**Description of the task:**
Please repeat the lines below exactly. Begin with the line containing "HP OfficeJet 8012 Inkjet Printer Review" and go on through the line containing "French 1934 Rene".

**Data for this task:**
-- Opening Marker --

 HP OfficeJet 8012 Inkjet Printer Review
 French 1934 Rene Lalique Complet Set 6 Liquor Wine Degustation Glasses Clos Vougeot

-- Closing Marker --
-- Opening Marker --

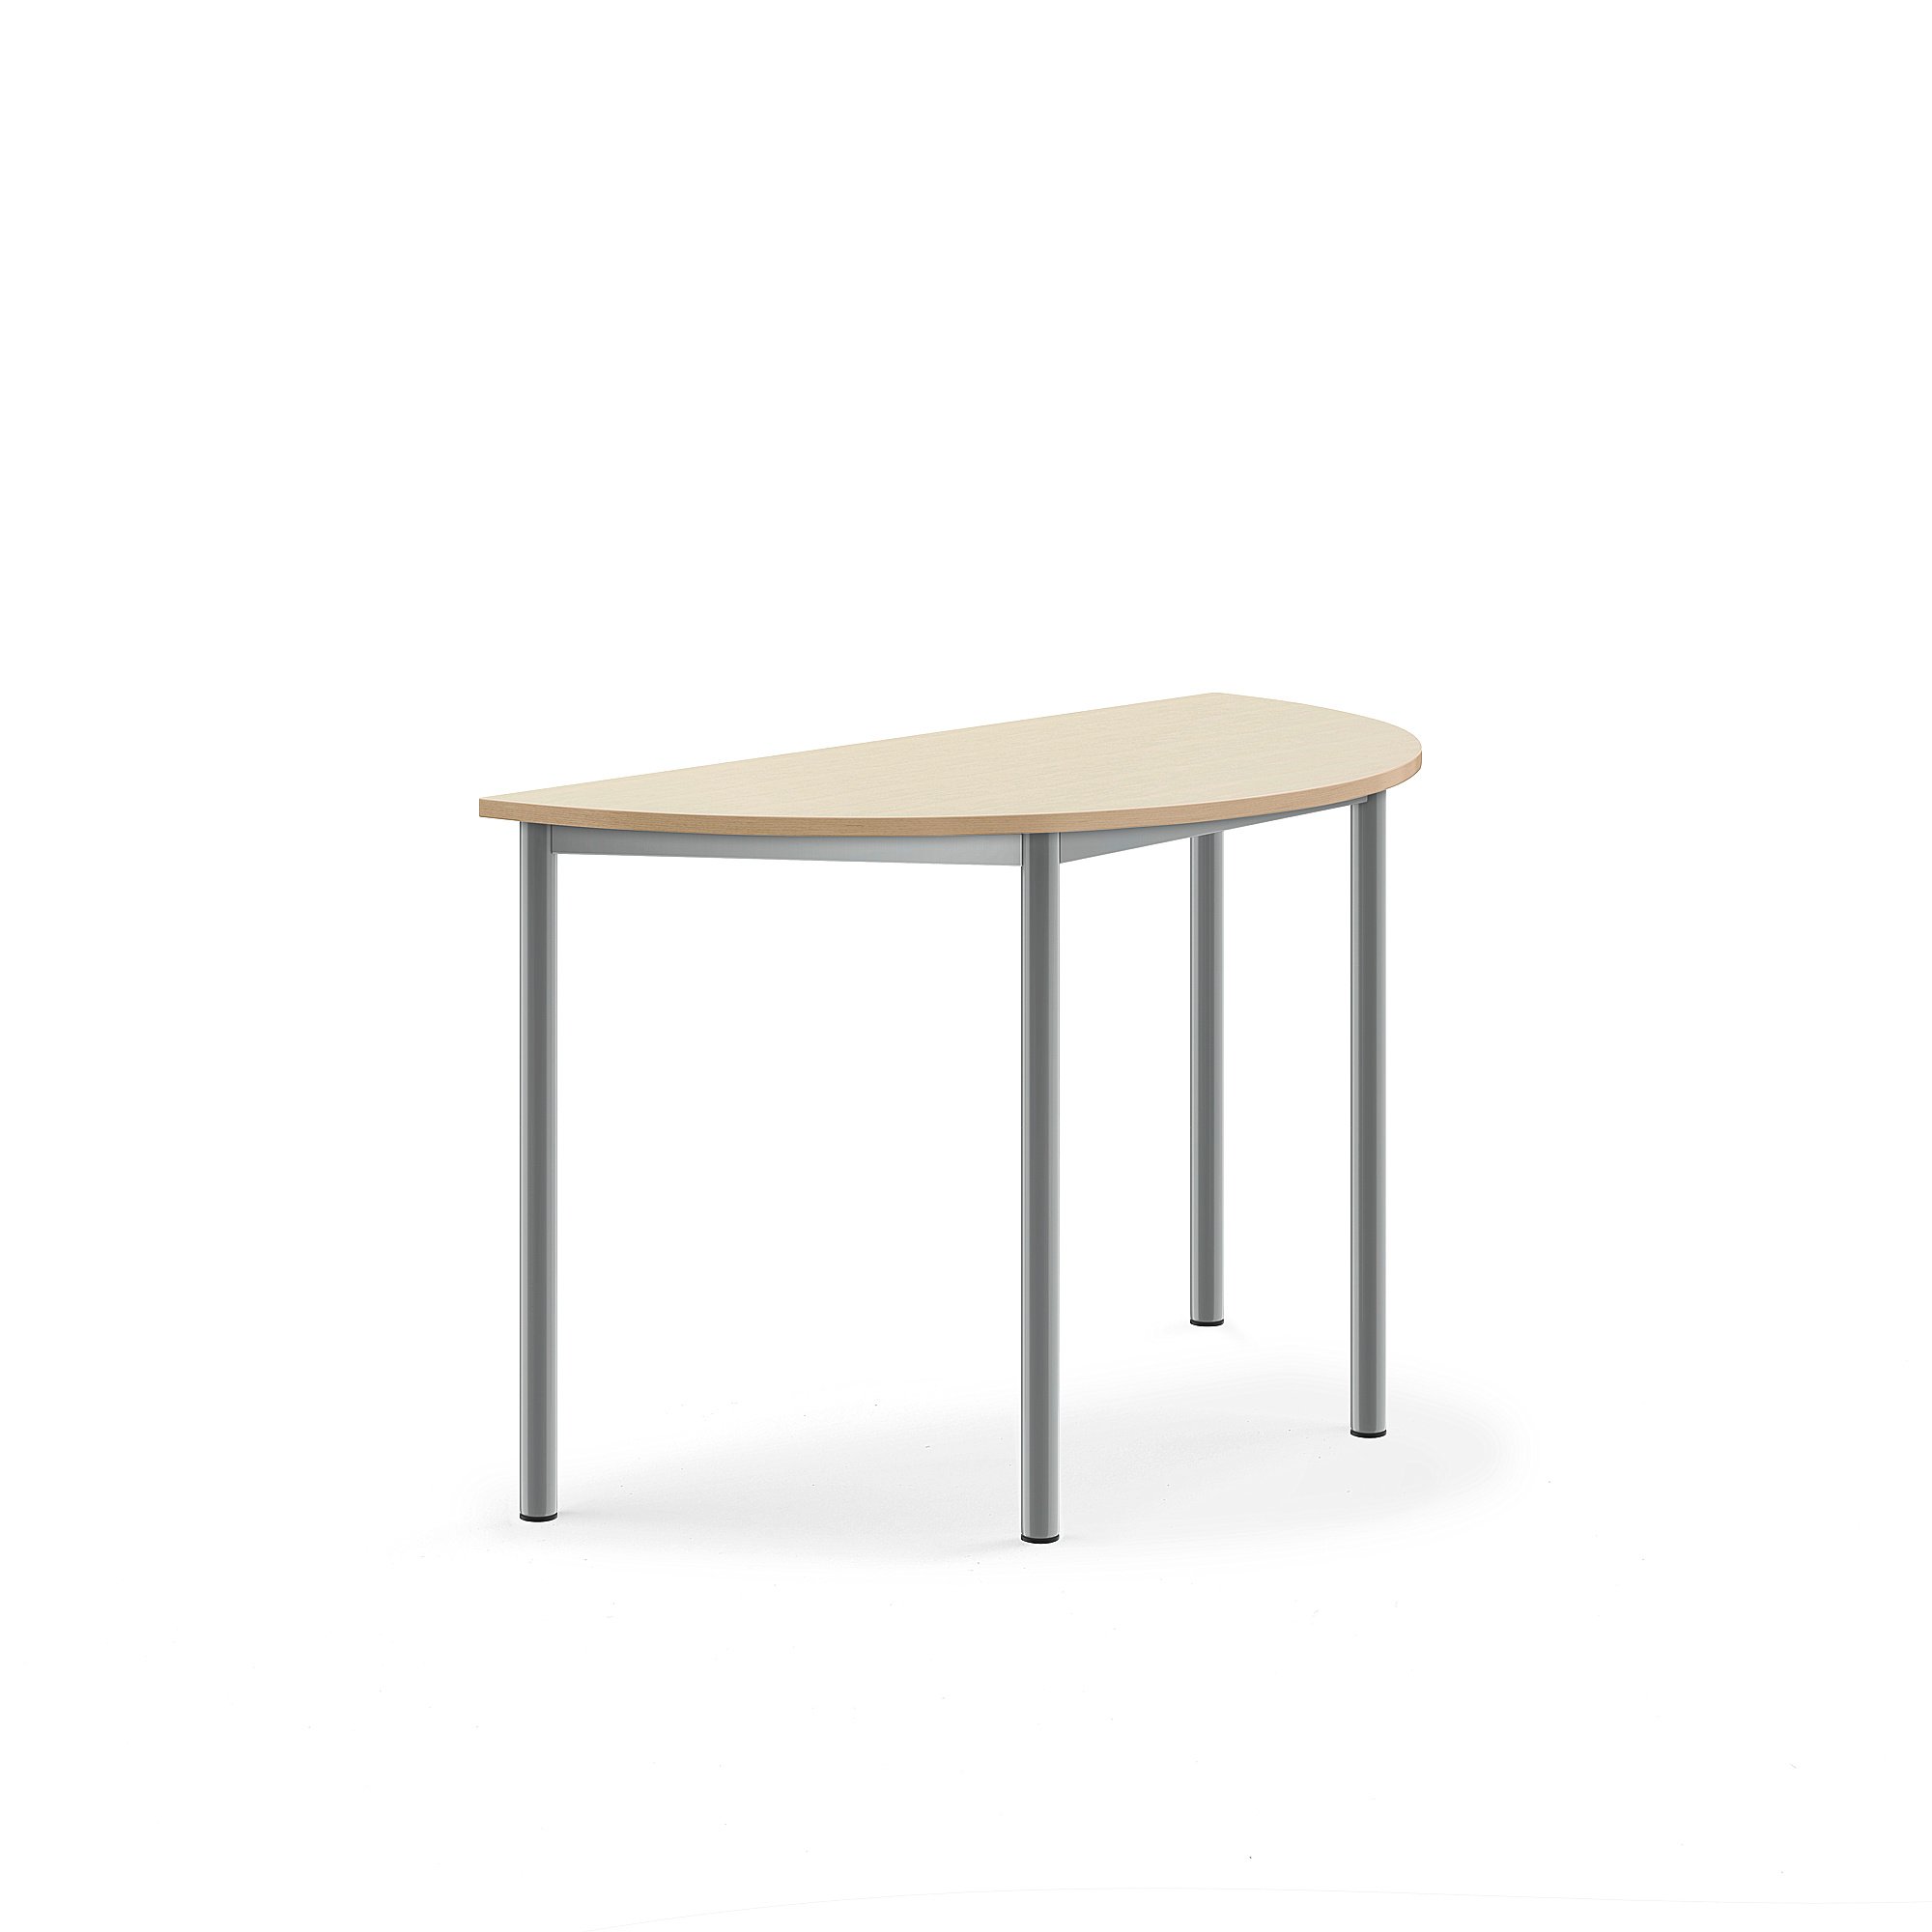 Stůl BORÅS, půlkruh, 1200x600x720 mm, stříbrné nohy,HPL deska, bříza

-- Closing Marker --

**Result for this task:**
 HP OfficeJet 8012 Inkjet Printer Review
 French 1934 Rene Lalique Complet Set 6 Liquor Wine Degustation Glasses Clos Vougeot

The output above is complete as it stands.